# Exercise
Print all of the data below exactly as it appears, leaving out every image.

# Source data
++++
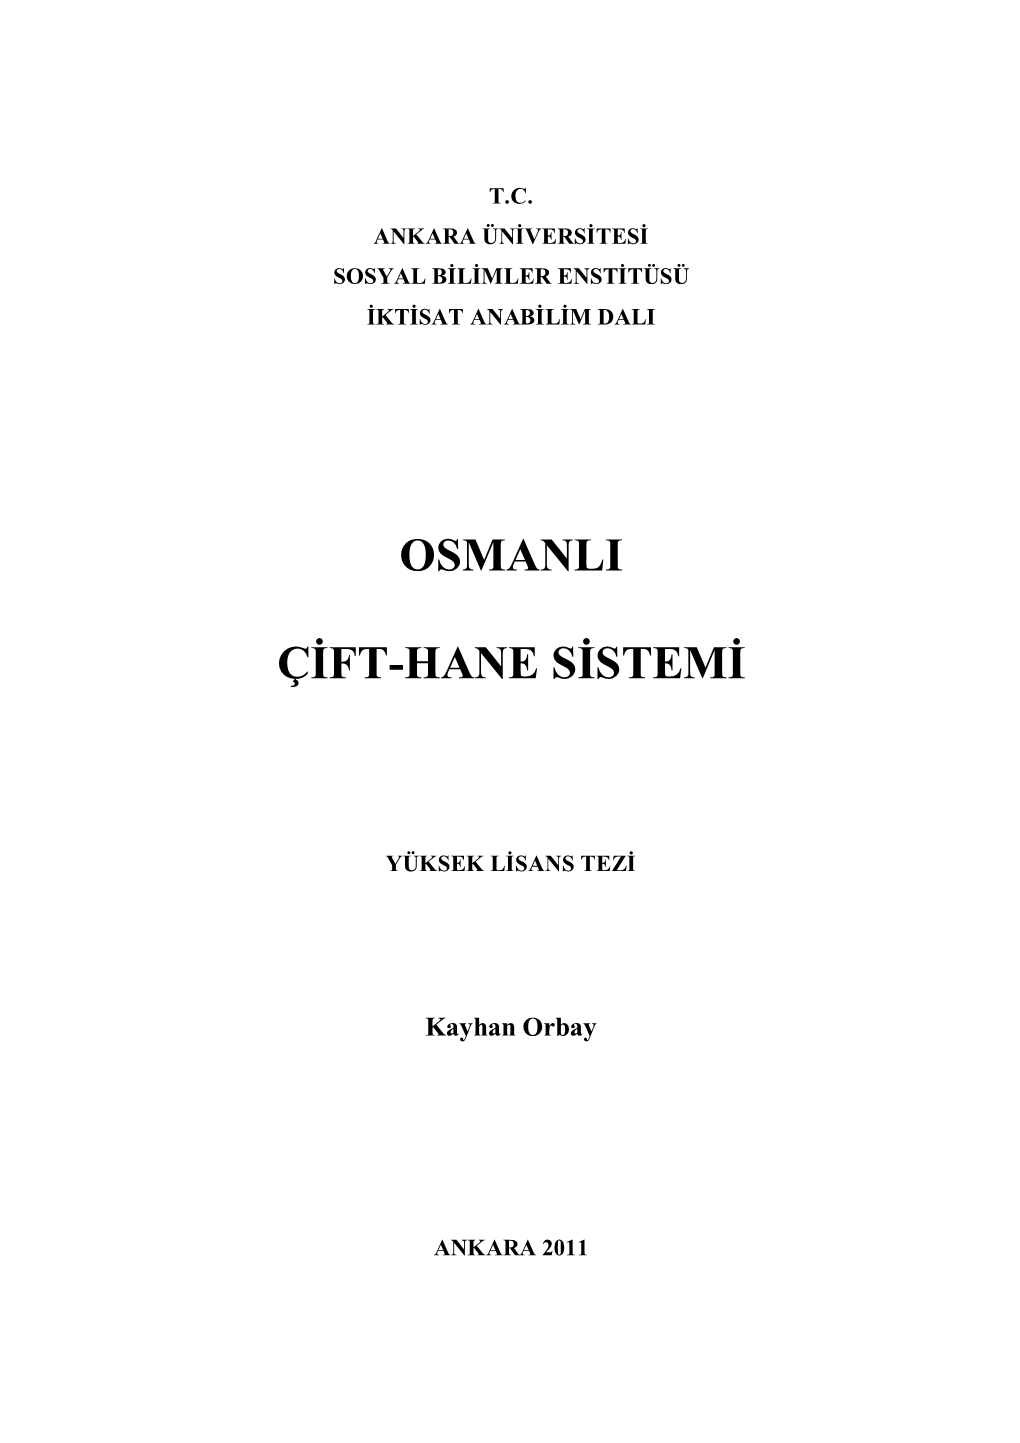 Osmanli Çift-Hane Sistemi
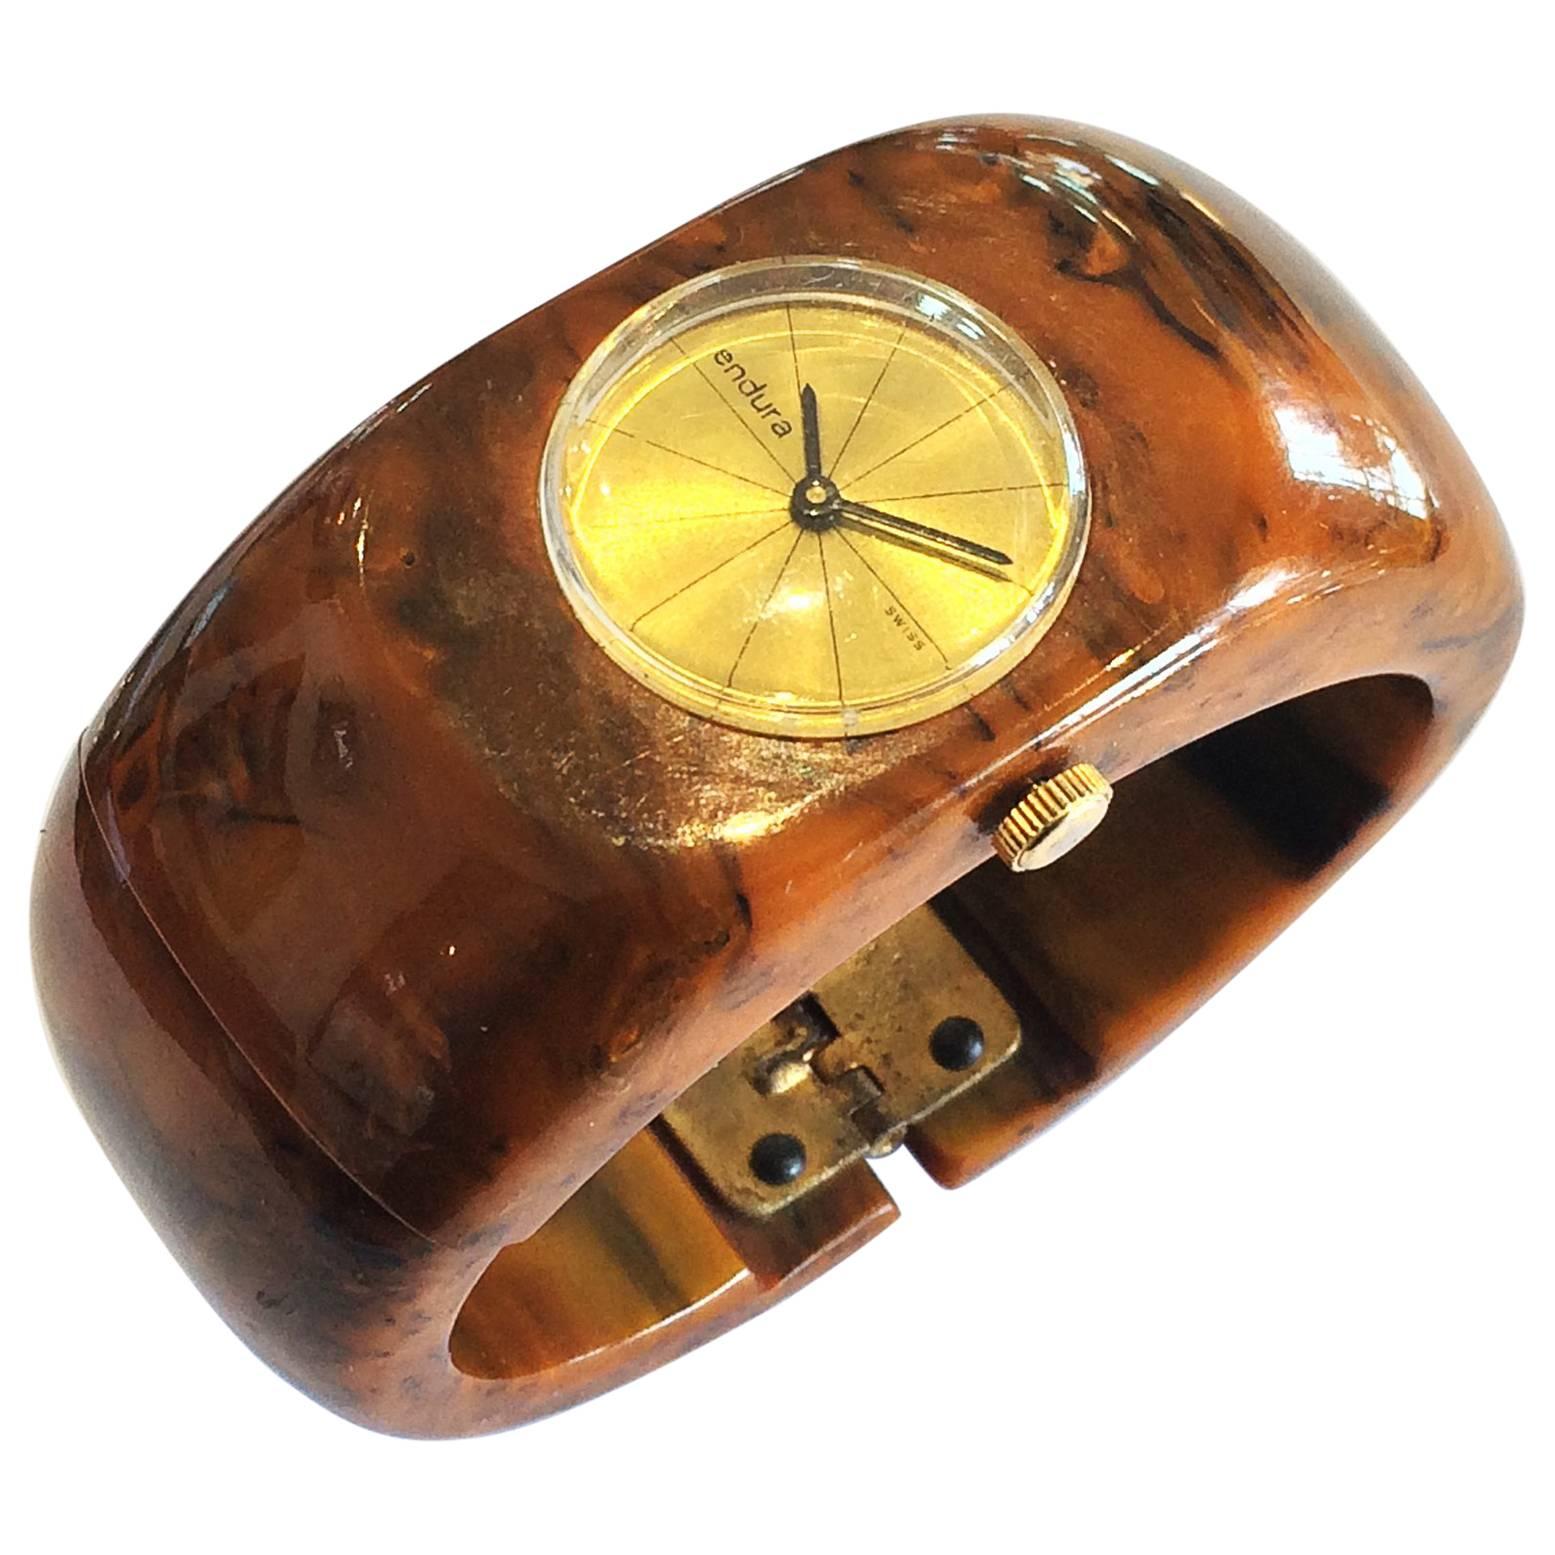 Art Deco Bakelite Watch by Endura in Mississippi Mud hinged clamper
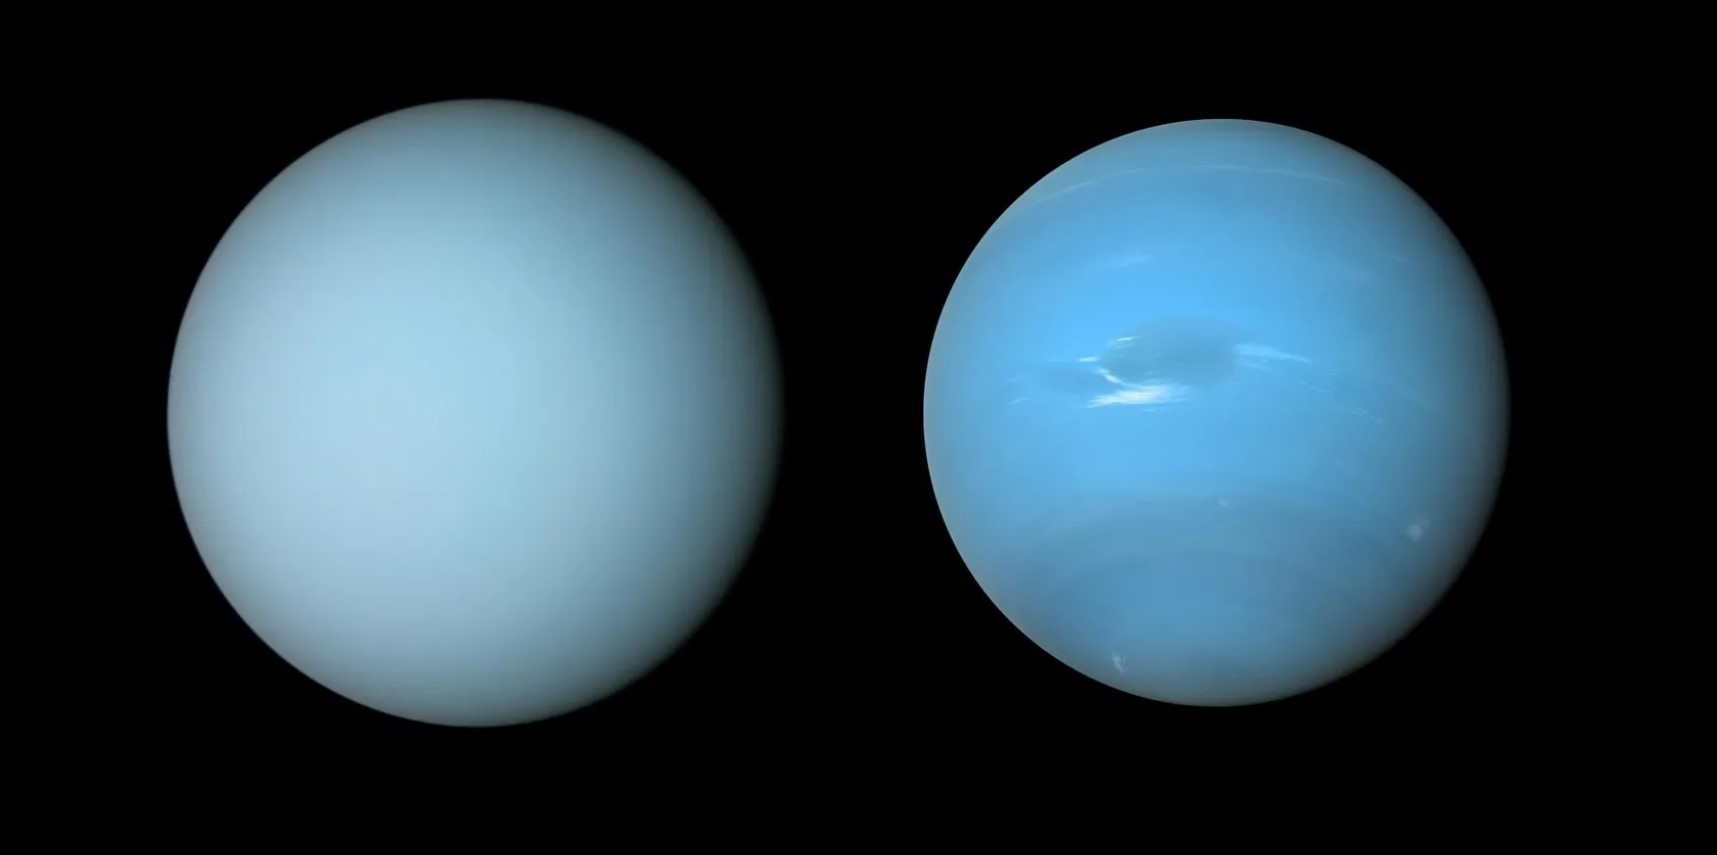 The colors of Neptune and Uranus
++++
# Answer to this task
 Osmanli Çift-Hane Sistemi
 Art Deco Bakelite Watch by Endura in Mississippi Mud hinged clamper
 The colors of Neptune and Uranus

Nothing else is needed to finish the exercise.